[WHAT THIS TASK INVOLVES] Look for the word "Sale" in the entries below, then copy every line that has it.

[Records from a dataset]
════════
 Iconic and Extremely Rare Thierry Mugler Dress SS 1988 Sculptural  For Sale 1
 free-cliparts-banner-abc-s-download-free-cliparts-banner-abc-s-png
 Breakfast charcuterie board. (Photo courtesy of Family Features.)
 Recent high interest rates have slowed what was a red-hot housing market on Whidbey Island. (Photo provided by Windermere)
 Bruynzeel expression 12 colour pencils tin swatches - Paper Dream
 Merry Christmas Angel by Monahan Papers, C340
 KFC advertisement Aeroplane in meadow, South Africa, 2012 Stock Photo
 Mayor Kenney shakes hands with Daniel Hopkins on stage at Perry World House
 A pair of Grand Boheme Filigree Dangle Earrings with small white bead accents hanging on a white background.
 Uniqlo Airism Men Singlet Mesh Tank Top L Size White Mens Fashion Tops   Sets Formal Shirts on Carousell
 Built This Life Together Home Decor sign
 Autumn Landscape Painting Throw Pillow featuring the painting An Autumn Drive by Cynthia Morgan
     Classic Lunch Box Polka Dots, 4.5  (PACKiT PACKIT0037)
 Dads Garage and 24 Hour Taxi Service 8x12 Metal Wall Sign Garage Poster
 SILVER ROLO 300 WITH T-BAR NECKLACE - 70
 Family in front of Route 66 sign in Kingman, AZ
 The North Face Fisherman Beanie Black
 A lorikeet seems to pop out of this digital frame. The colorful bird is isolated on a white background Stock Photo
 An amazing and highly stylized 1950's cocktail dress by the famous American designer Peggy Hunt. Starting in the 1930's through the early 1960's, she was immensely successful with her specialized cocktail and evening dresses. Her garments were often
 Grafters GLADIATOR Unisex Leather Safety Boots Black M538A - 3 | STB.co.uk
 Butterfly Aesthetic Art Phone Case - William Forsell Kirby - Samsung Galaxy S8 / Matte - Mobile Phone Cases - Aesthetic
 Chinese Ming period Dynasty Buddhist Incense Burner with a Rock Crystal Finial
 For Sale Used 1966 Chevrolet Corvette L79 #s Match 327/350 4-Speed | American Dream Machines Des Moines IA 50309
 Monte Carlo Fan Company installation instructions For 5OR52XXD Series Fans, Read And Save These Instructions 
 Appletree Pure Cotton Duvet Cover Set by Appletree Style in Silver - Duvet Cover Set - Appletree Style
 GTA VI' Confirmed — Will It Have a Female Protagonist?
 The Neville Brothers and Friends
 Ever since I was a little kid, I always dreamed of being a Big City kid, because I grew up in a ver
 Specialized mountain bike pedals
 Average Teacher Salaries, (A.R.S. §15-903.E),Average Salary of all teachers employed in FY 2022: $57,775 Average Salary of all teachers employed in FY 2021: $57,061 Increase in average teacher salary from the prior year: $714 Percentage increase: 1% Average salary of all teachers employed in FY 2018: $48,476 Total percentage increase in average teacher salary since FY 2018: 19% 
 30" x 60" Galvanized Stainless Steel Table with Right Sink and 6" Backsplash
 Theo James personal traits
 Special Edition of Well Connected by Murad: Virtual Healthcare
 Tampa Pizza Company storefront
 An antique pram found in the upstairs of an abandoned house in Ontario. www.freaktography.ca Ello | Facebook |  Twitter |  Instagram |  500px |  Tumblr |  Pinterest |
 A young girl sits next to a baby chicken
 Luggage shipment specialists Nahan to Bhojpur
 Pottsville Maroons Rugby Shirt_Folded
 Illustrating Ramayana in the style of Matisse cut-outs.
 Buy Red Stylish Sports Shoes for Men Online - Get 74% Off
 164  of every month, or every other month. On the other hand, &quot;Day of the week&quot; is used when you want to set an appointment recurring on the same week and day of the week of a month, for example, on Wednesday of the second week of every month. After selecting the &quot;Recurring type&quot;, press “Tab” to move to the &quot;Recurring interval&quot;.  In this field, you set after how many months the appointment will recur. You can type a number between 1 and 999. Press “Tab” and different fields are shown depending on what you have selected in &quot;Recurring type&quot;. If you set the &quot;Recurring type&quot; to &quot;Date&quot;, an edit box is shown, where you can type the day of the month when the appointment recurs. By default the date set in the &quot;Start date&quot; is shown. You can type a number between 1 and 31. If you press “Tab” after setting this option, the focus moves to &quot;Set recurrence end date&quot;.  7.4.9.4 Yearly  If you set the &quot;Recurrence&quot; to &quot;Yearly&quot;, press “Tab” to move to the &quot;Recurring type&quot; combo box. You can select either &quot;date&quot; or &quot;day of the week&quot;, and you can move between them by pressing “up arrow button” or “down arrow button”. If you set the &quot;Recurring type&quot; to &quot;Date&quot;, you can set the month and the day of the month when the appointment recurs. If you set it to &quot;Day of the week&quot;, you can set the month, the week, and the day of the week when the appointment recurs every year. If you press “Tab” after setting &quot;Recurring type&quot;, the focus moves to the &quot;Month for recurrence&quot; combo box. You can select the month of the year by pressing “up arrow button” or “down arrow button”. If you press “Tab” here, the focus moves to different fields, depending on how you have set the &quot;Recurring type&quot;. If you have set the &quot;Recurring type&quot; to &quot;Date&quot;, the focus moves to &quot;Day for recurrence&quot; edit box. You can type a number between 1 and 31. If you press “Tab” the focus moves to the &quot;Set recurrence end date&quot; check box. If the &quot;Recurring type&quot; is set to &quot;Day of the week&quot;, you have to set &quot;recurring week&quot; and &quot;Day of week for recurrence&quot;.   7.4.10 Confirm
════════
[EXERCISE RESULT]
 Iconic and Extremely Rare Thierry Mugler Dress SS 1988 Sculptural  For Sale 1
 For Sale Used 1966 Chevrolet Corvette L79 #s Match 327/350 4-Speed | American Dream Machines Des Moines IA 50309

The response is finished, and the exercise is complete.